■ PROBLEM DETAILS ■
Restate the whole of the data below word for word, skipping the images.

■ EXERCISE DATA ■
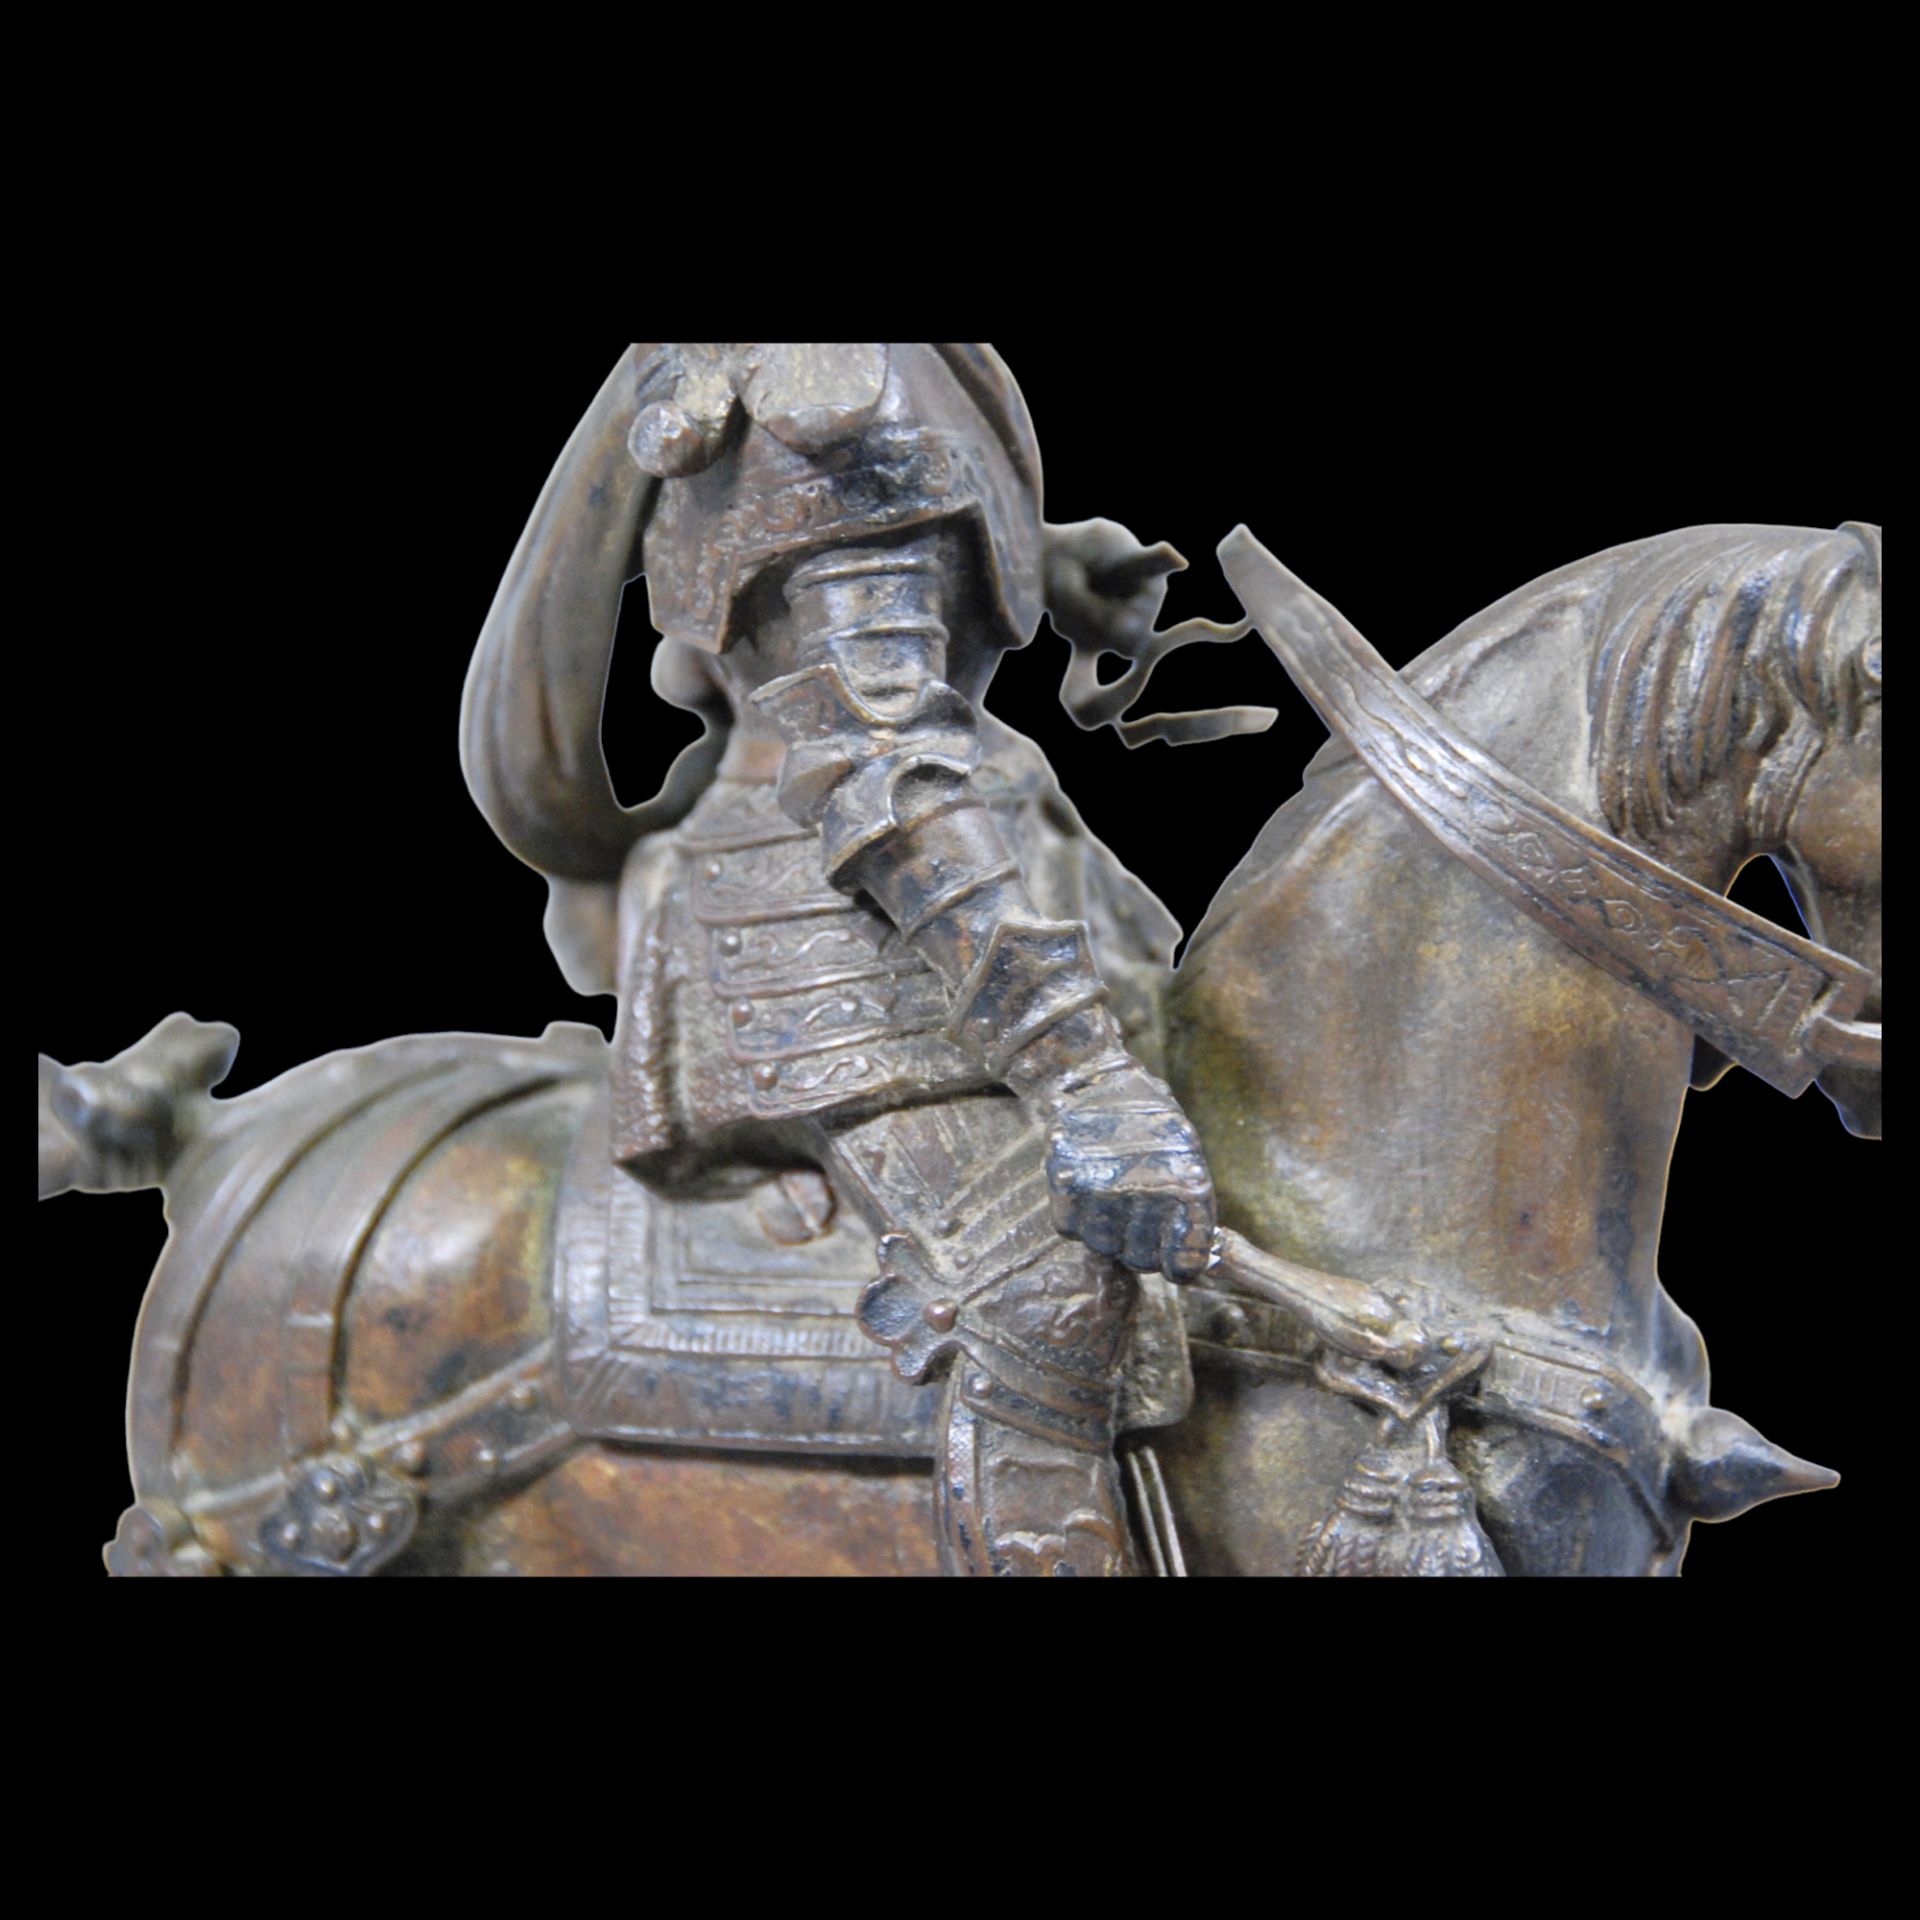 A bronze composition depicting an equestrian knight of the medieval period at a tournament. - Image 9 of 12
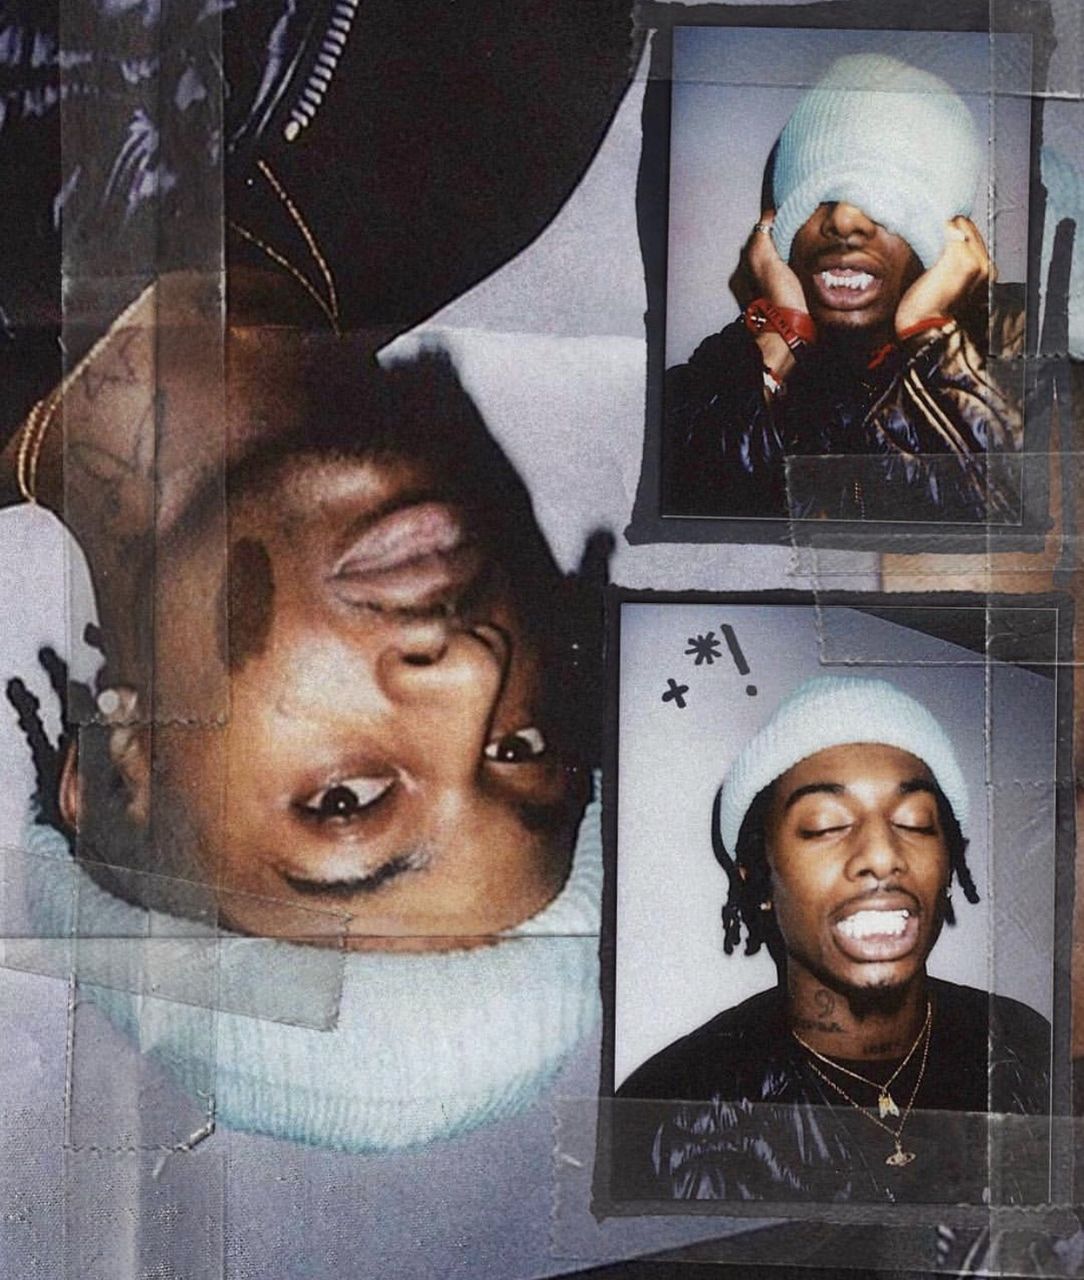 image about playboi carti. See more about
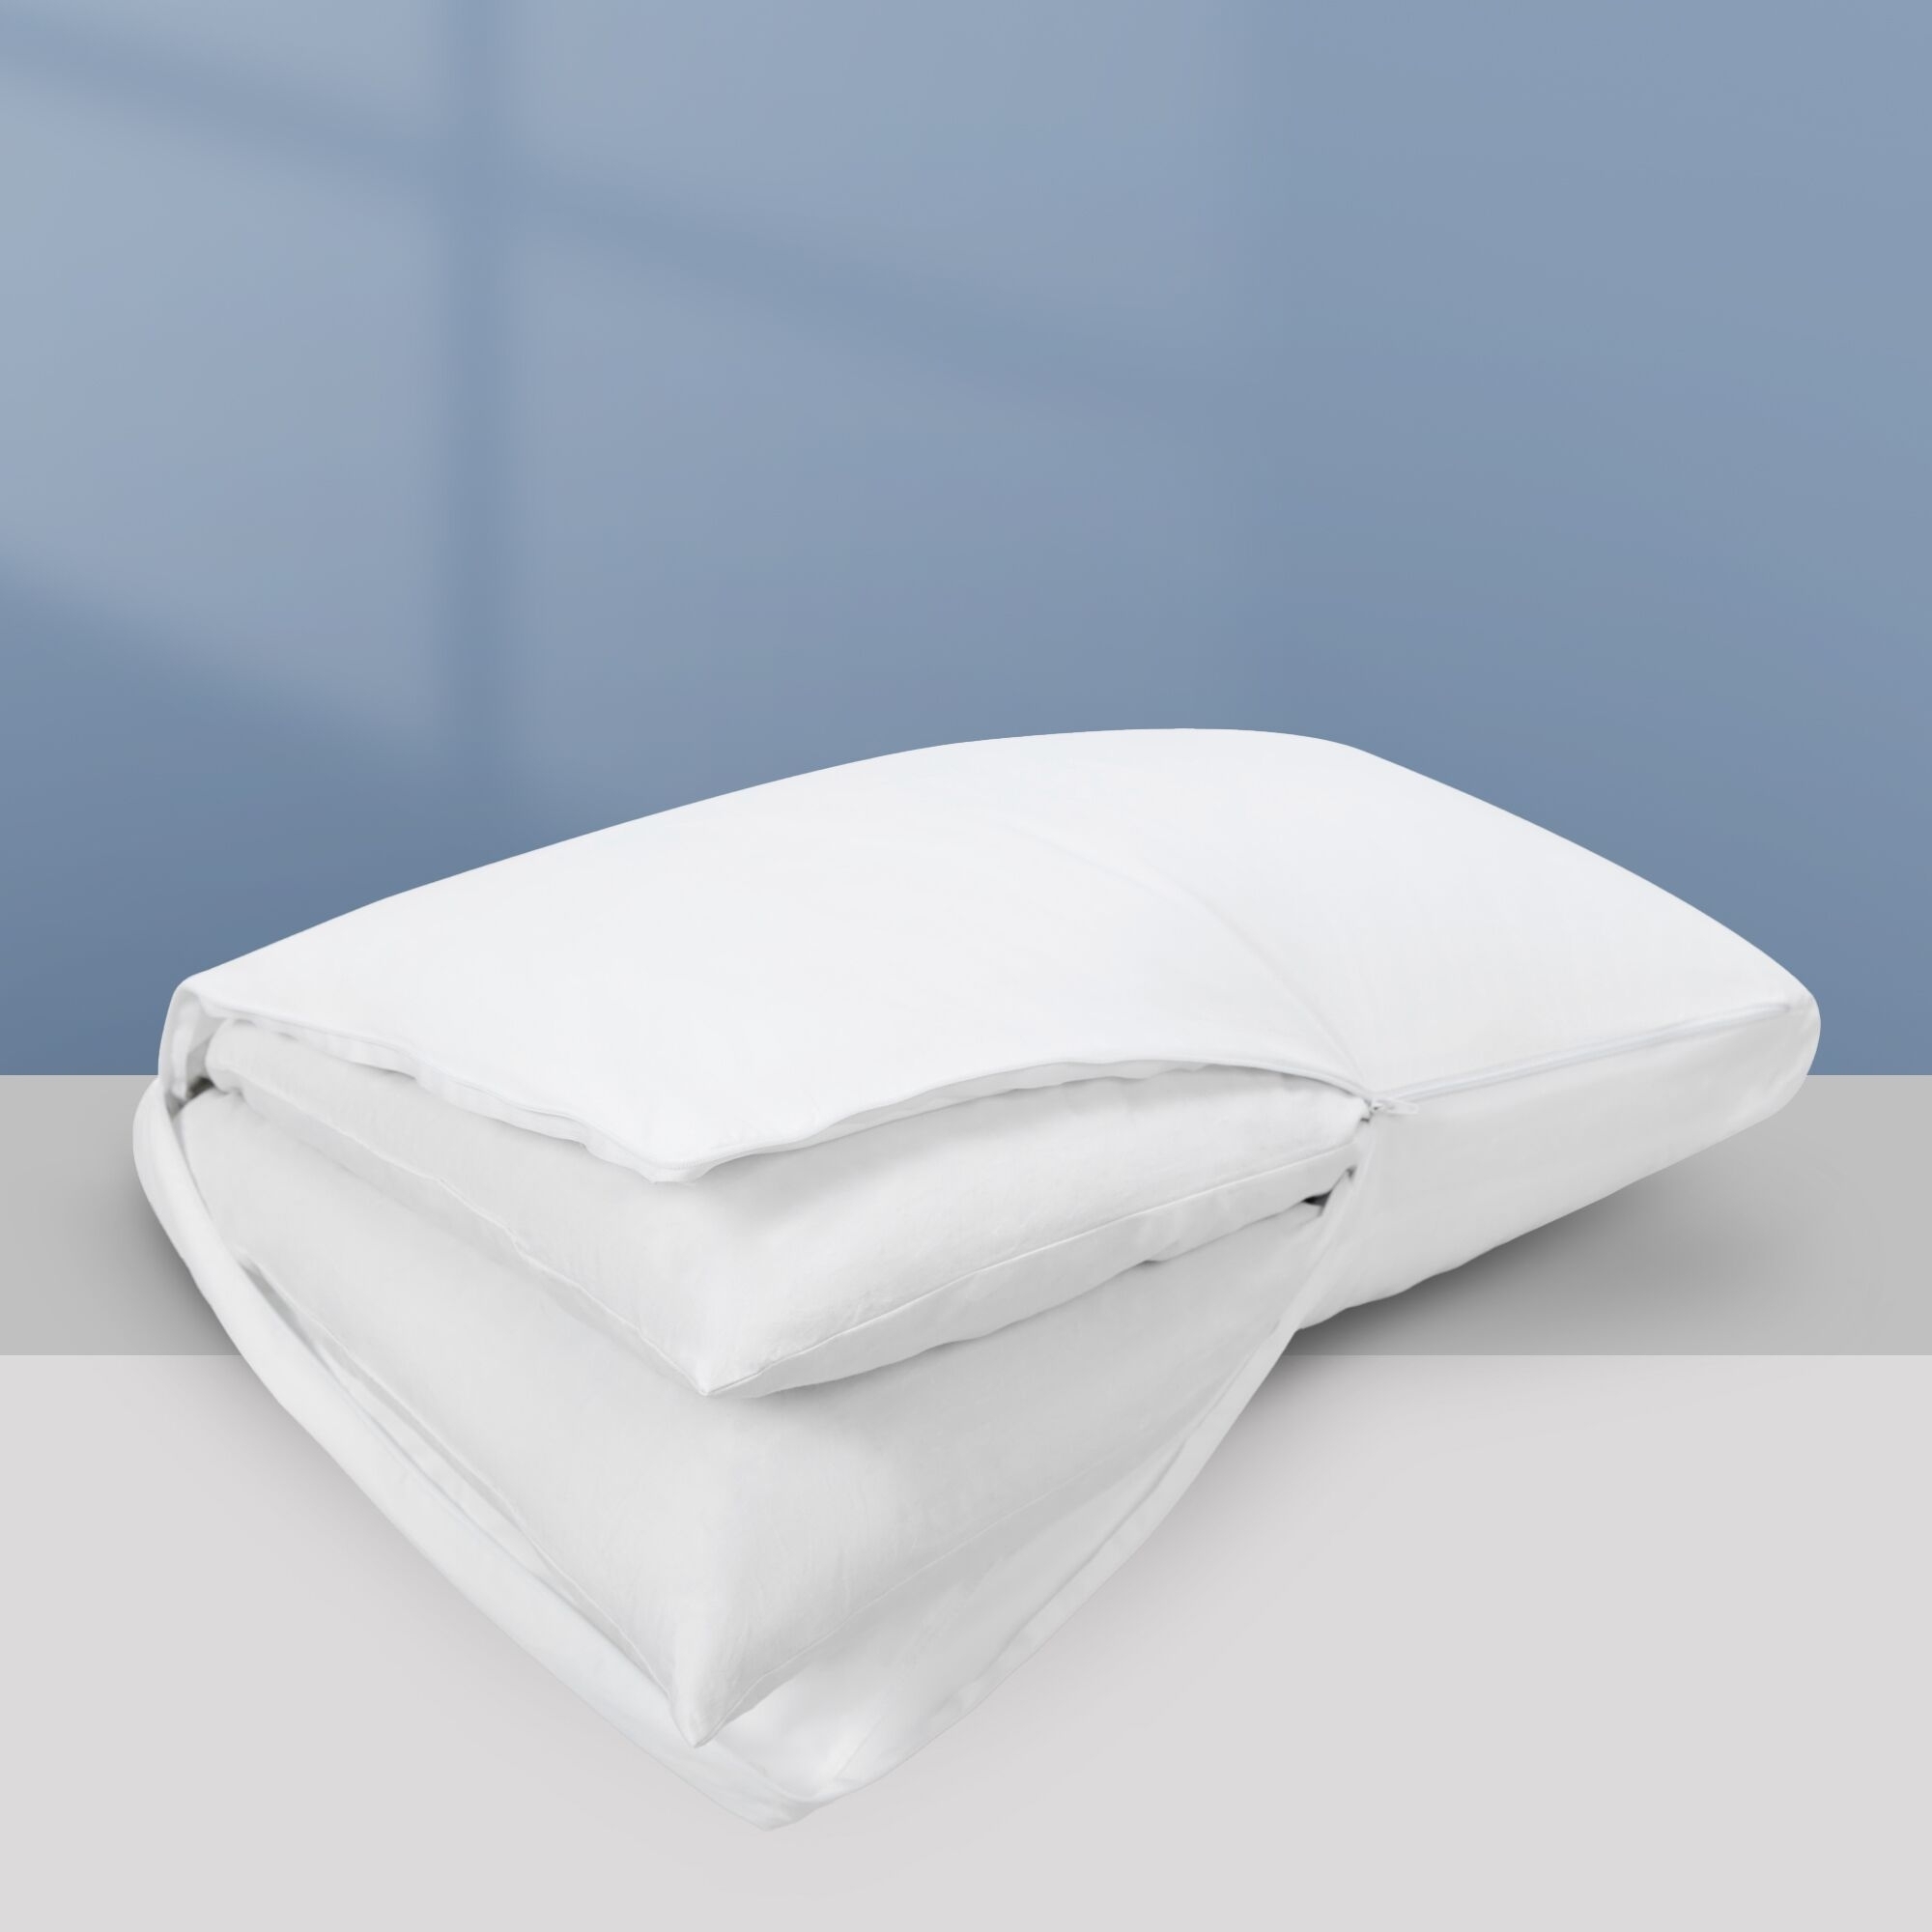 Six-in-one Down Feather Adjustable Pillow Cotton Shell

■ EXERCISE OUTPUT ■
 A bronze composition depicting an equestrian knight of the medieval period at a tournament. - Image 9 of 12
 image about playboi carti. See more about
 Six-in-one Down Feather Adjustable Pillow Cotton Shell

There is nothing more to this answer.